## DIRECTIONS
Leaving out the images, please reproduce each line below exactly.

## DATA BLOCK

--------------------------------------------------

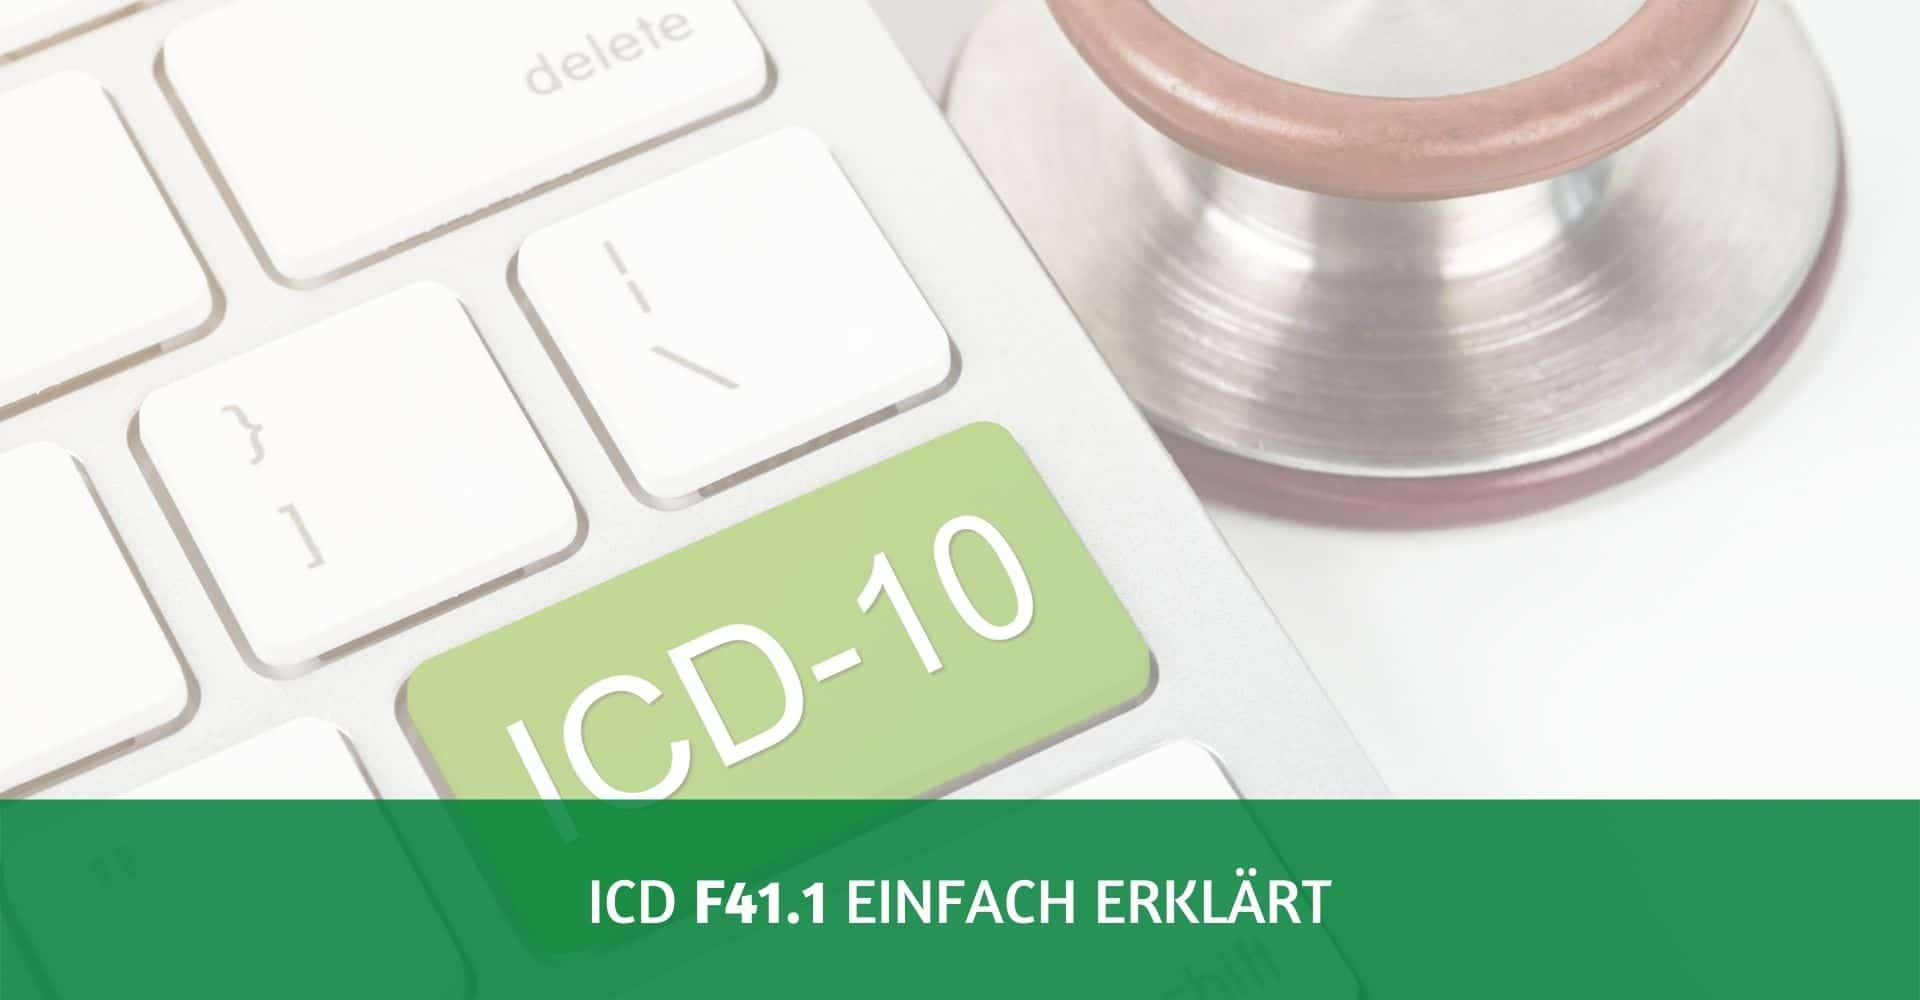 ICD F41.1
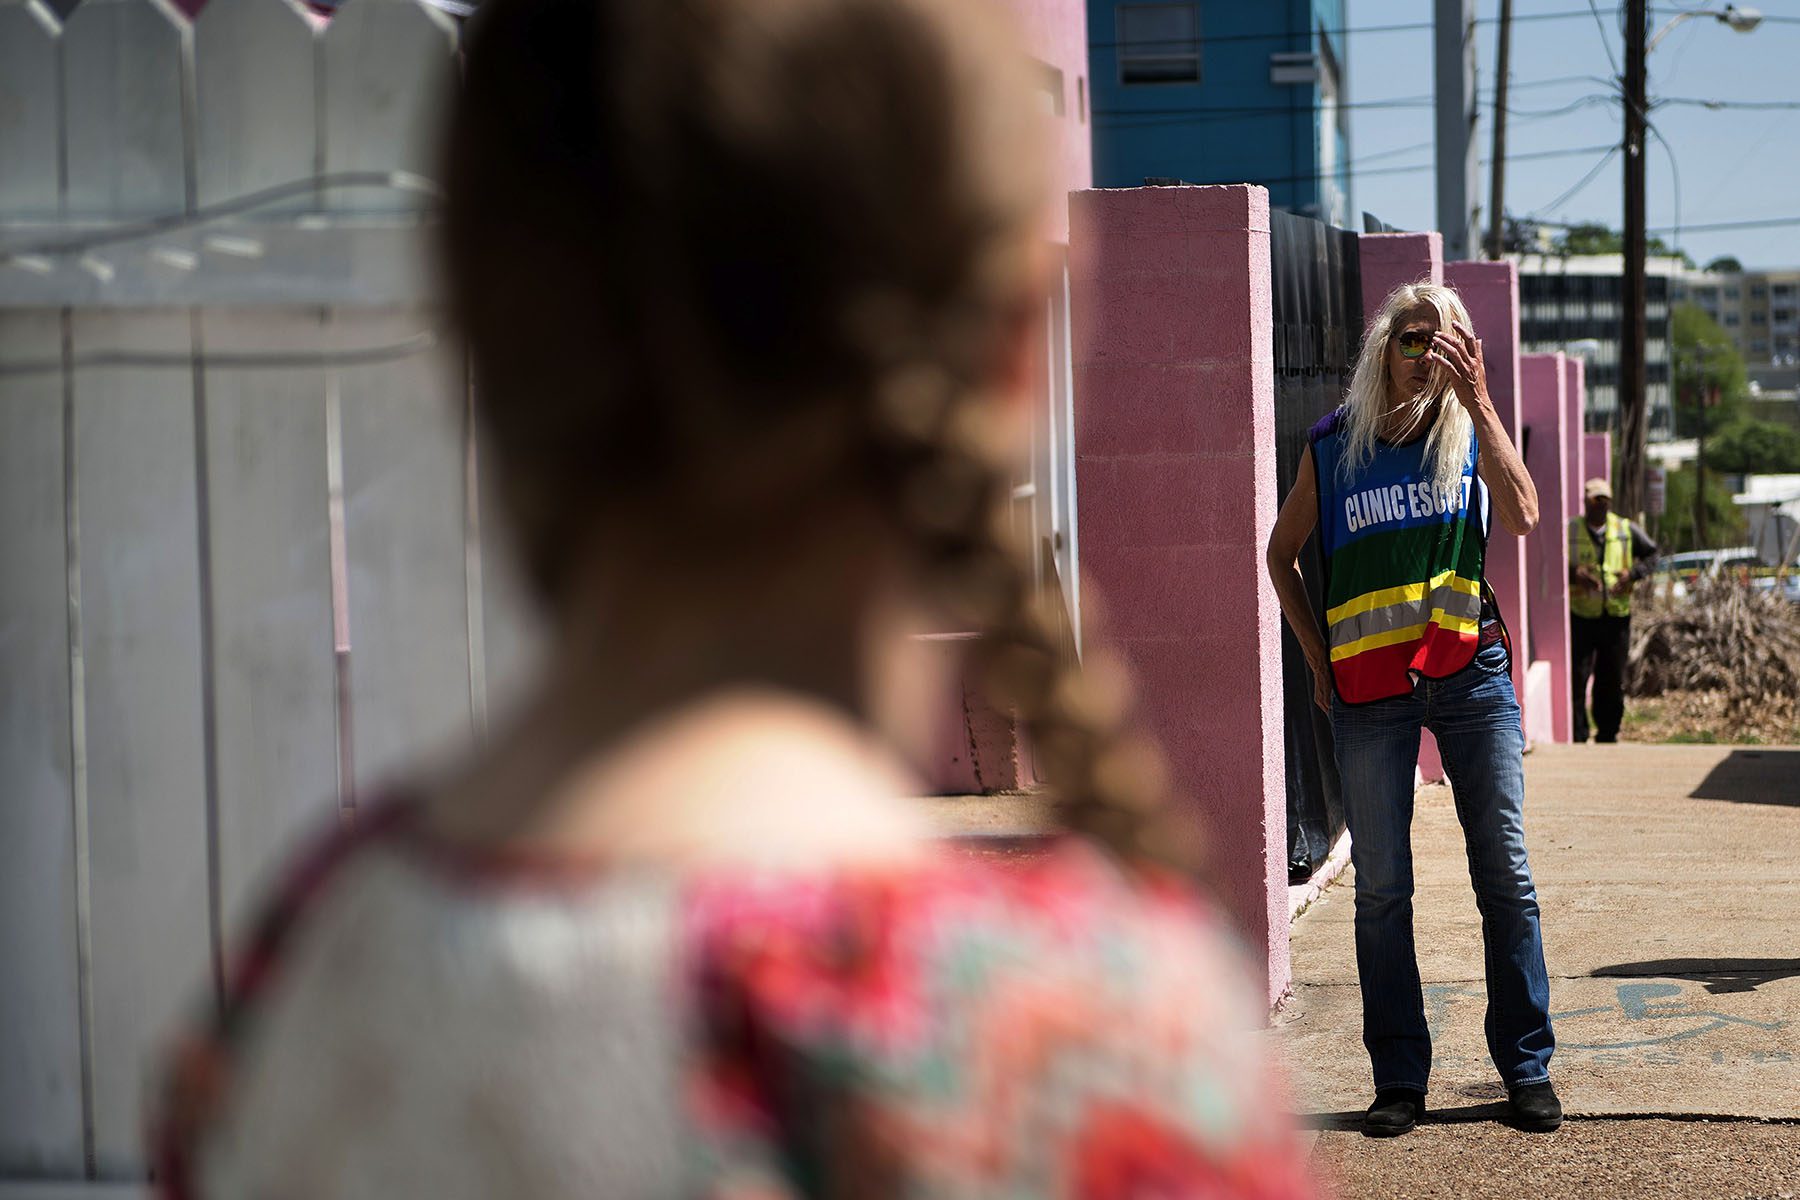 An anti-abortion activist looks towards a volunteer clinic escort.
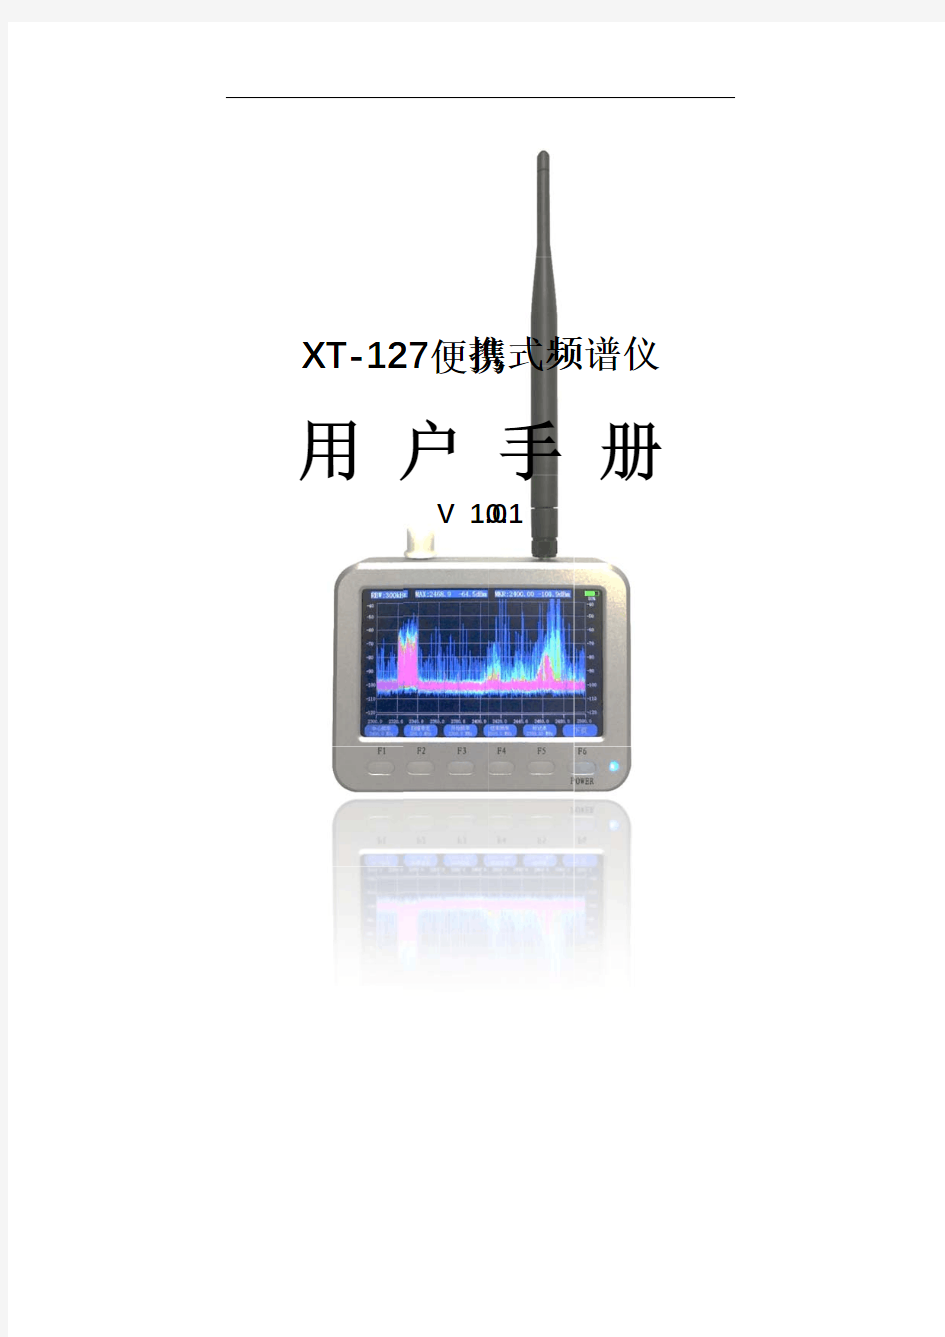 XT-127便携式频谱仪说明书(10M~2.7G)V1.0.1

--------------------------------------------------

## RESPONSE
 ICD F41.1
 An anti-abortion activist looks towards a volunteer clinic escort.
 XT-127便携式频谱仪说明书(10M~2.7G)V1.0.1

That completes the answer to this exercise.